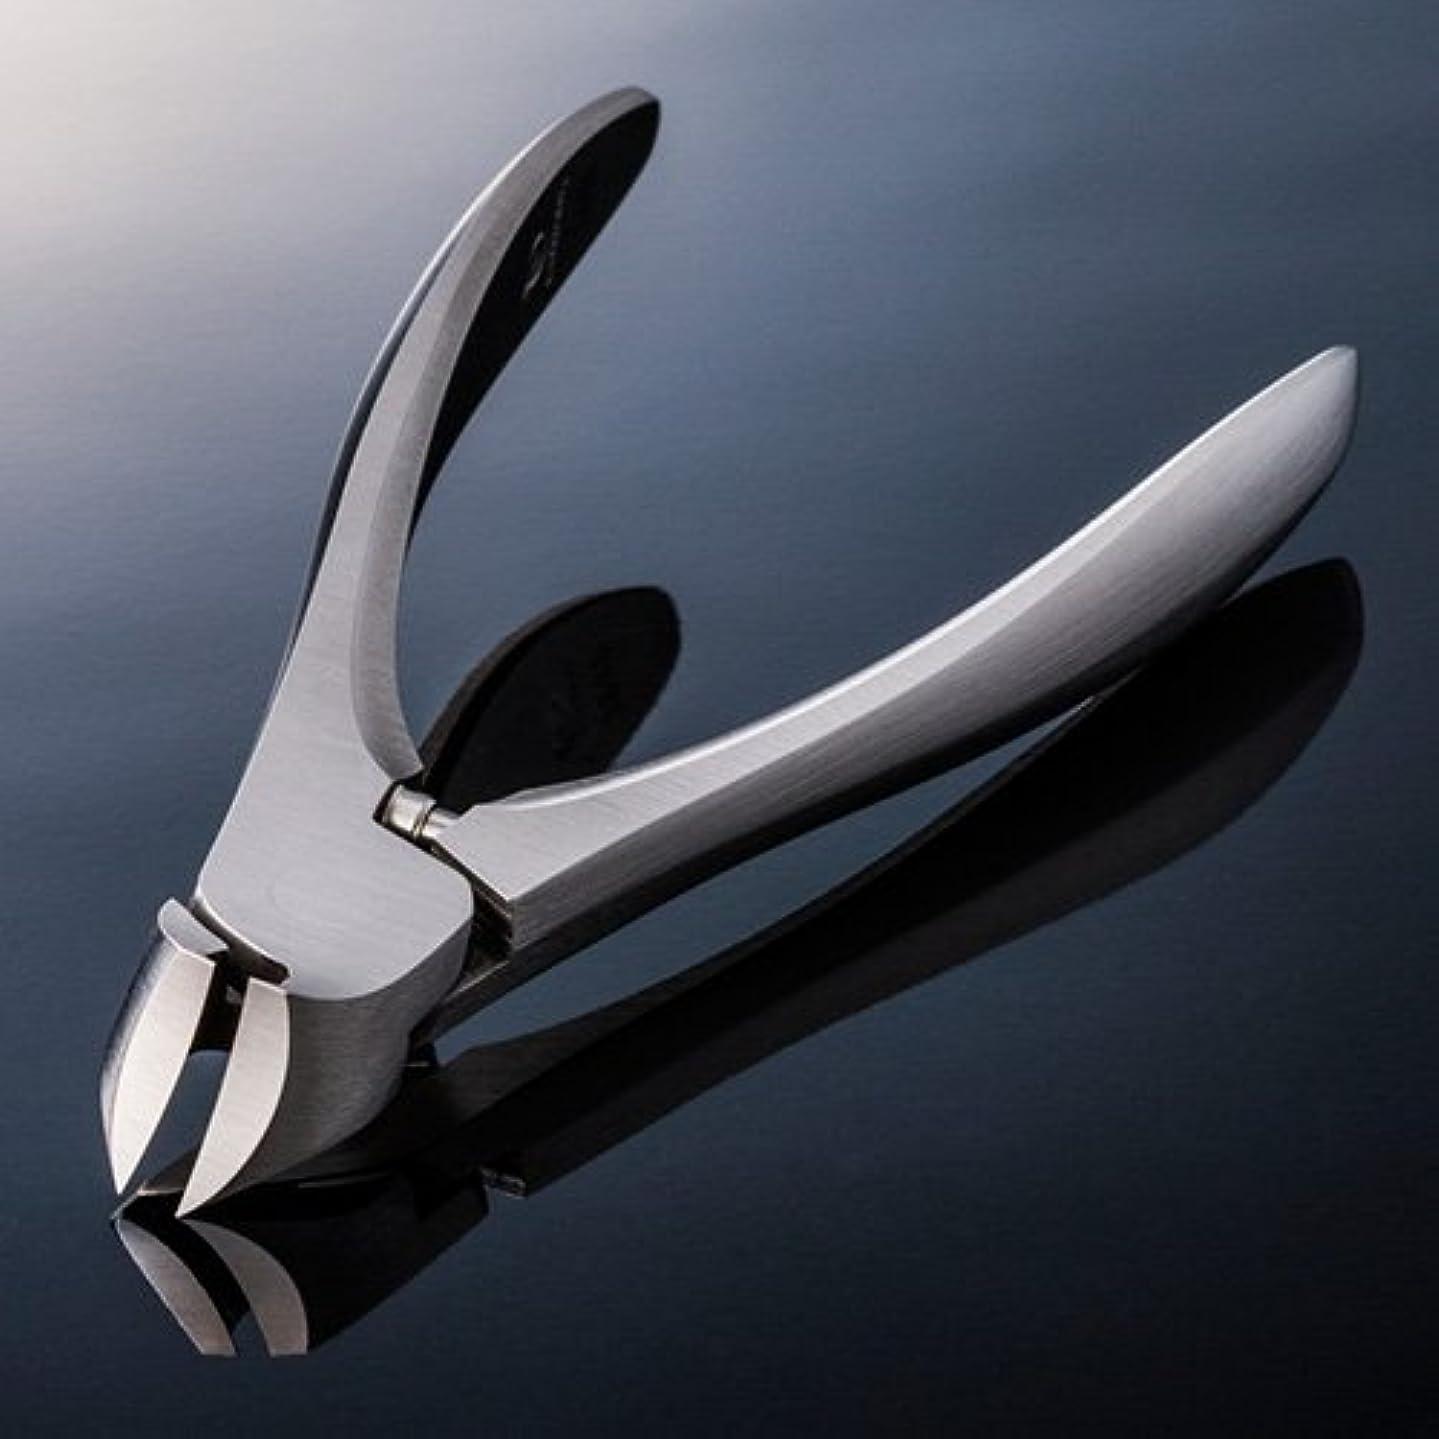 悲しむリベラル調査【SUWADA クラシックL 爪やすり付】 諏訪田のつめ切り 爪切り ネイルニッパー 収納メタルケース付 /日本のいいもの
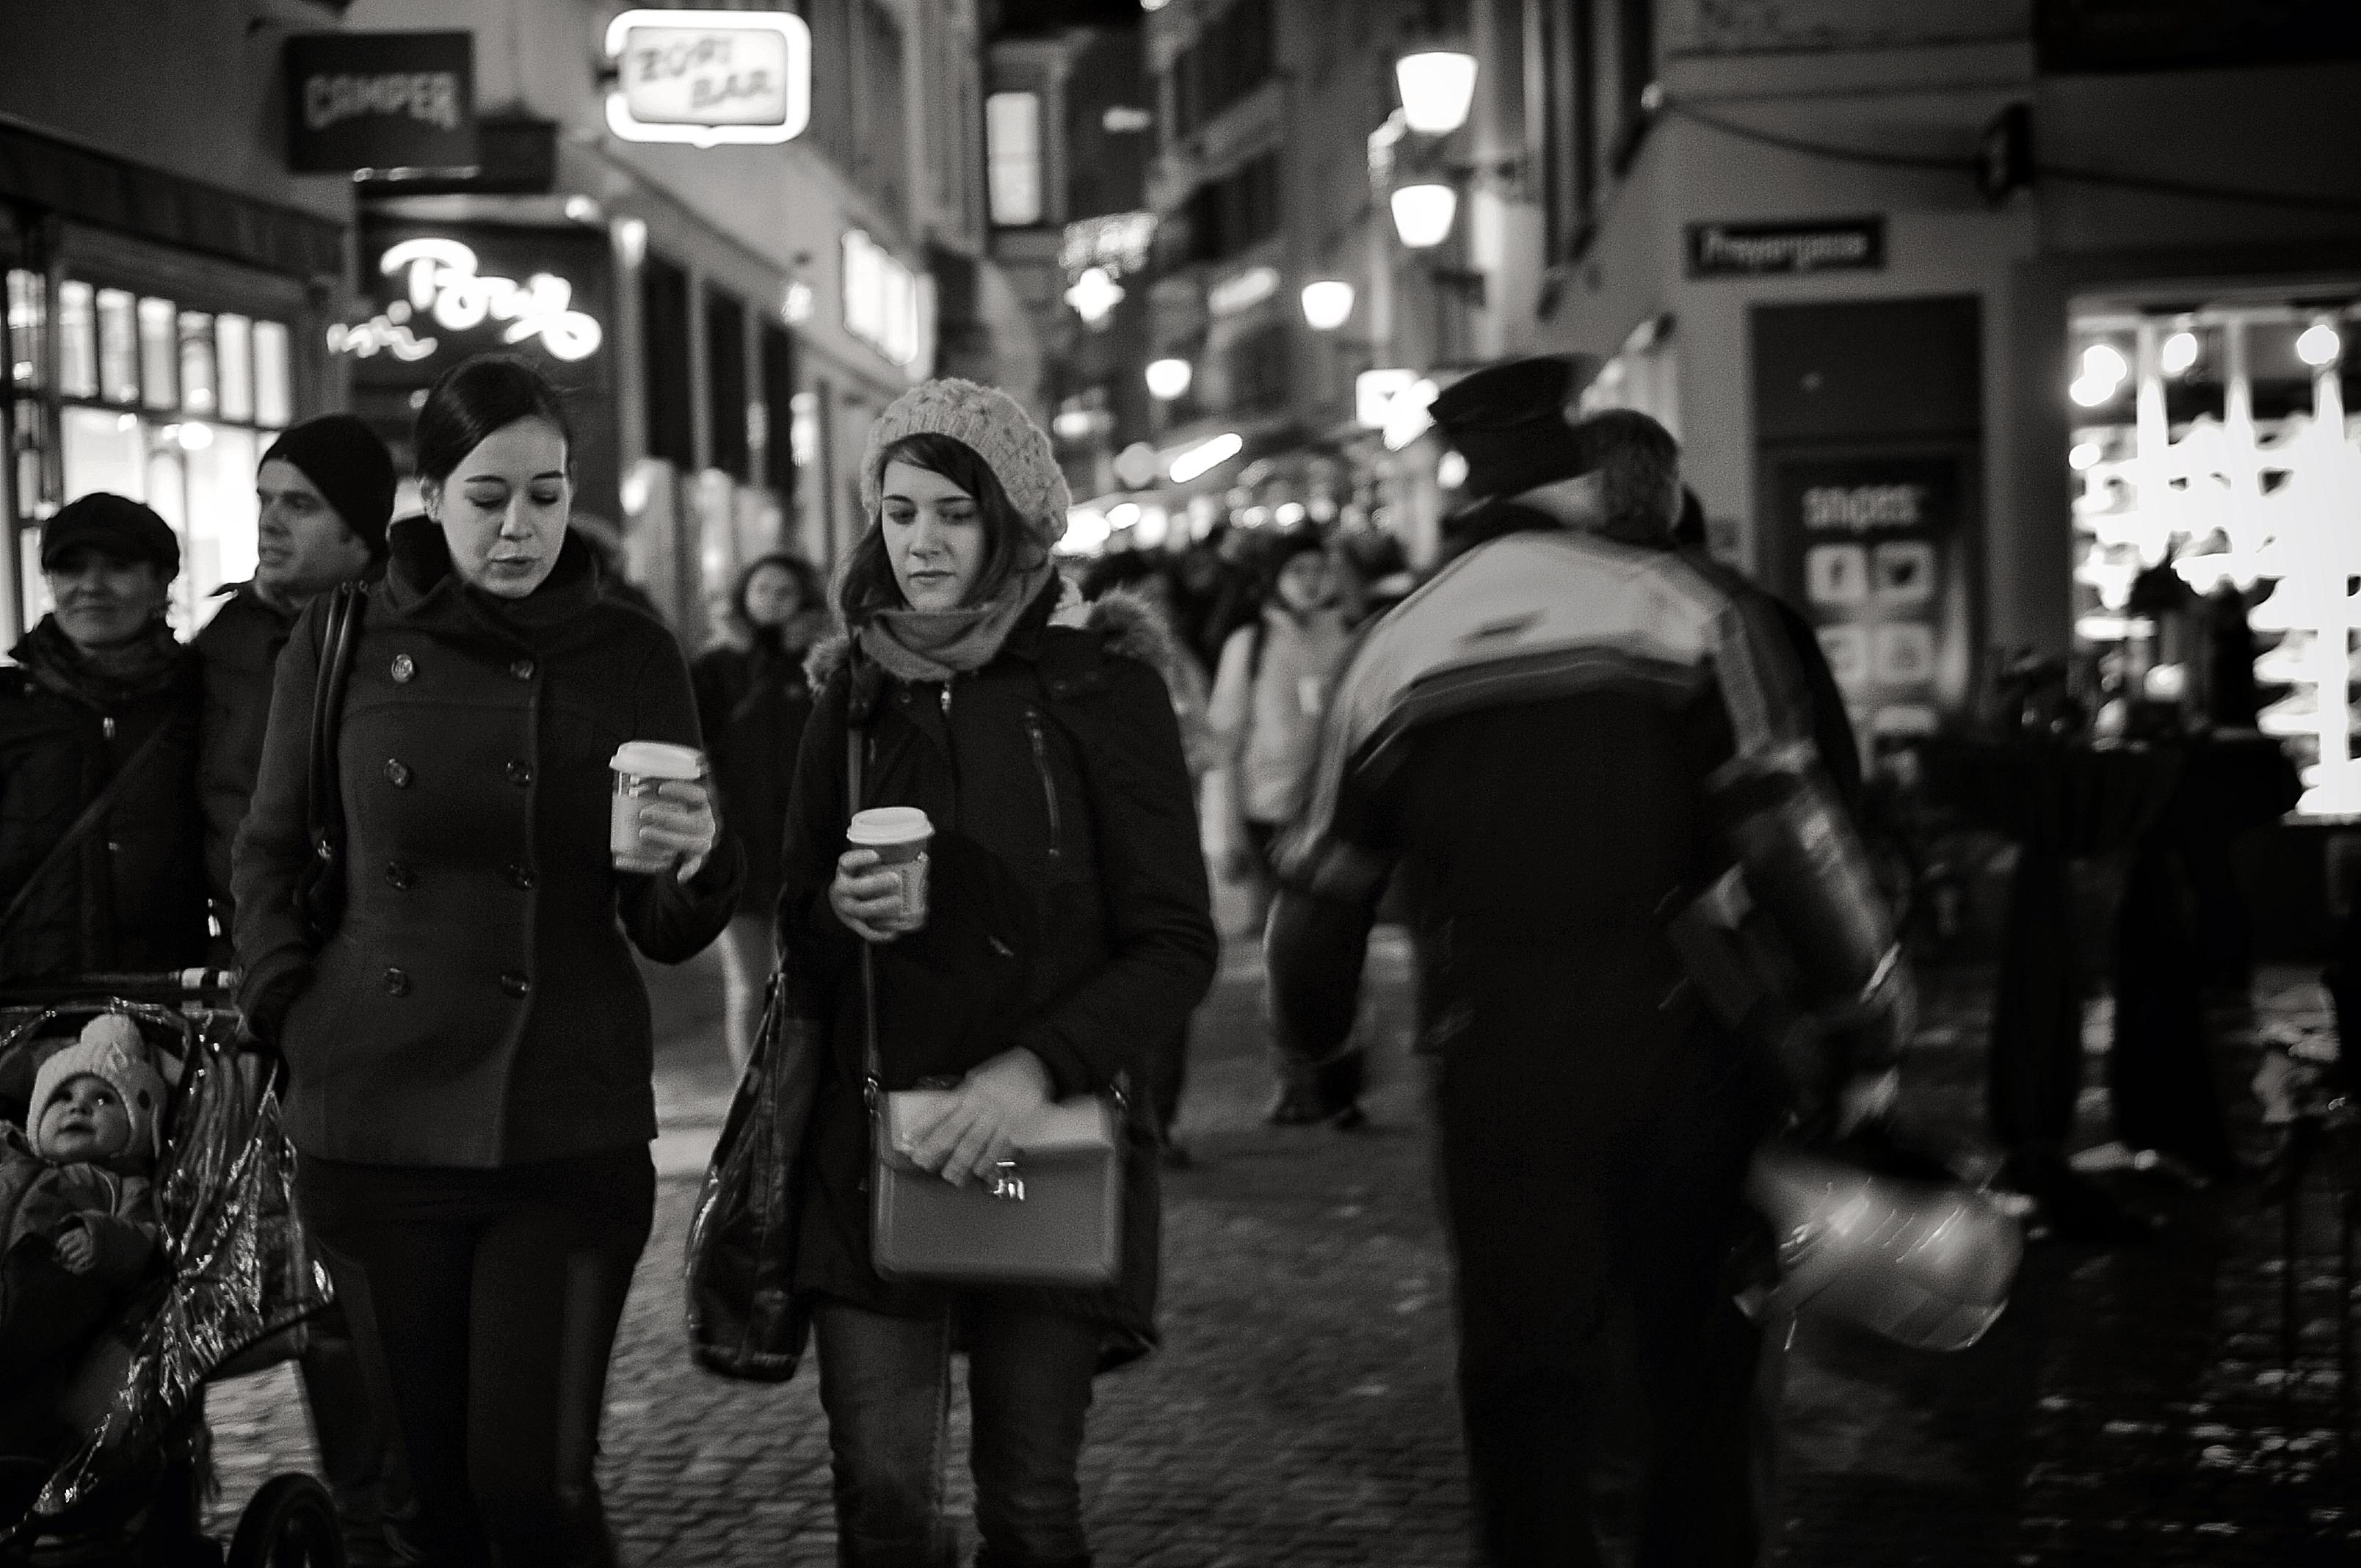 Взрослую толпа на улице — pic 3
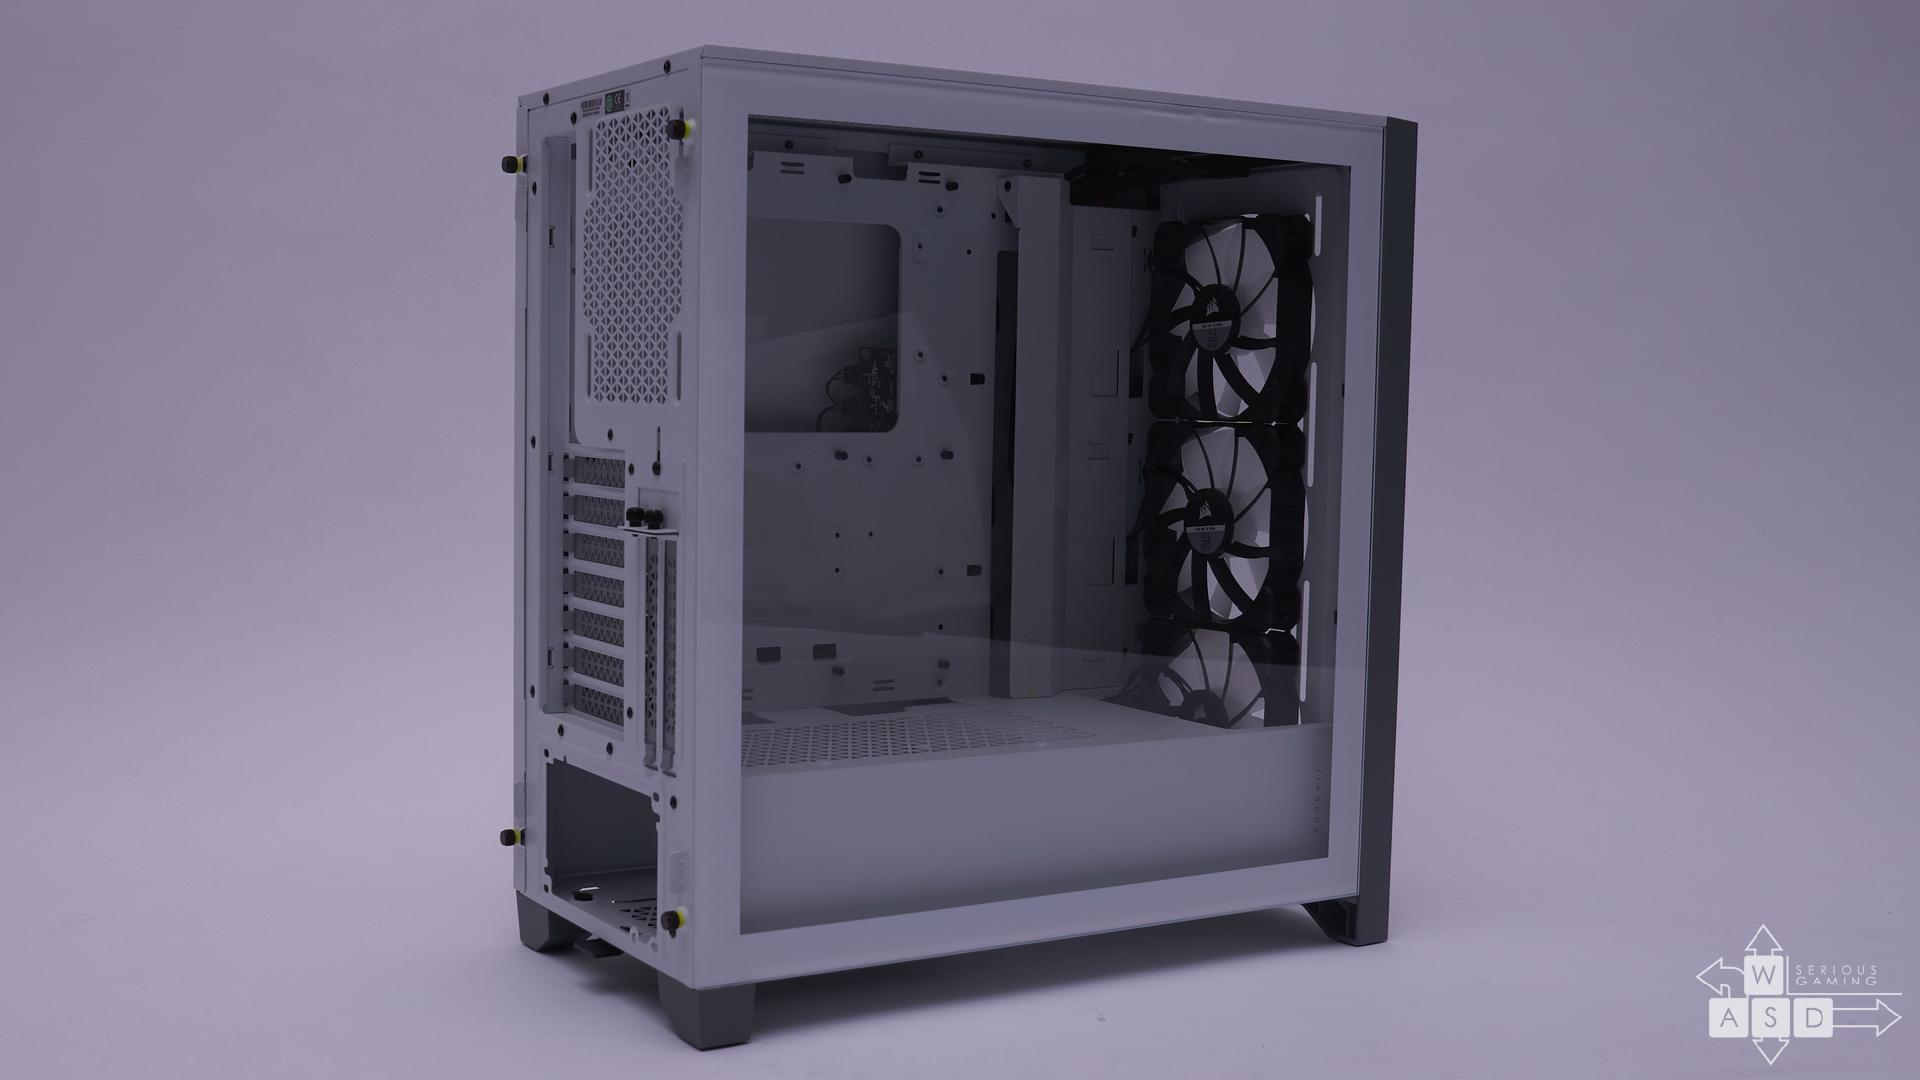 Corsair iCUE 4000X RGB review | WASD
------------------------------------------------
# [WHAT THE TASK ASKS]
Except for the pictures, write the data out exactly.

# [RESPONSE FOR THIS EXERCISE]
 悲しむリベラル調査【SUWADA クラシックL 爪やすり付】 諏訪田のつめ切り 爪切り ネイルニッパー 収納メタルケース付 /日本のいいもの
 Взрослую толпа на улице — pic 3
 Corsair iCUE 4000X RGB review | WASD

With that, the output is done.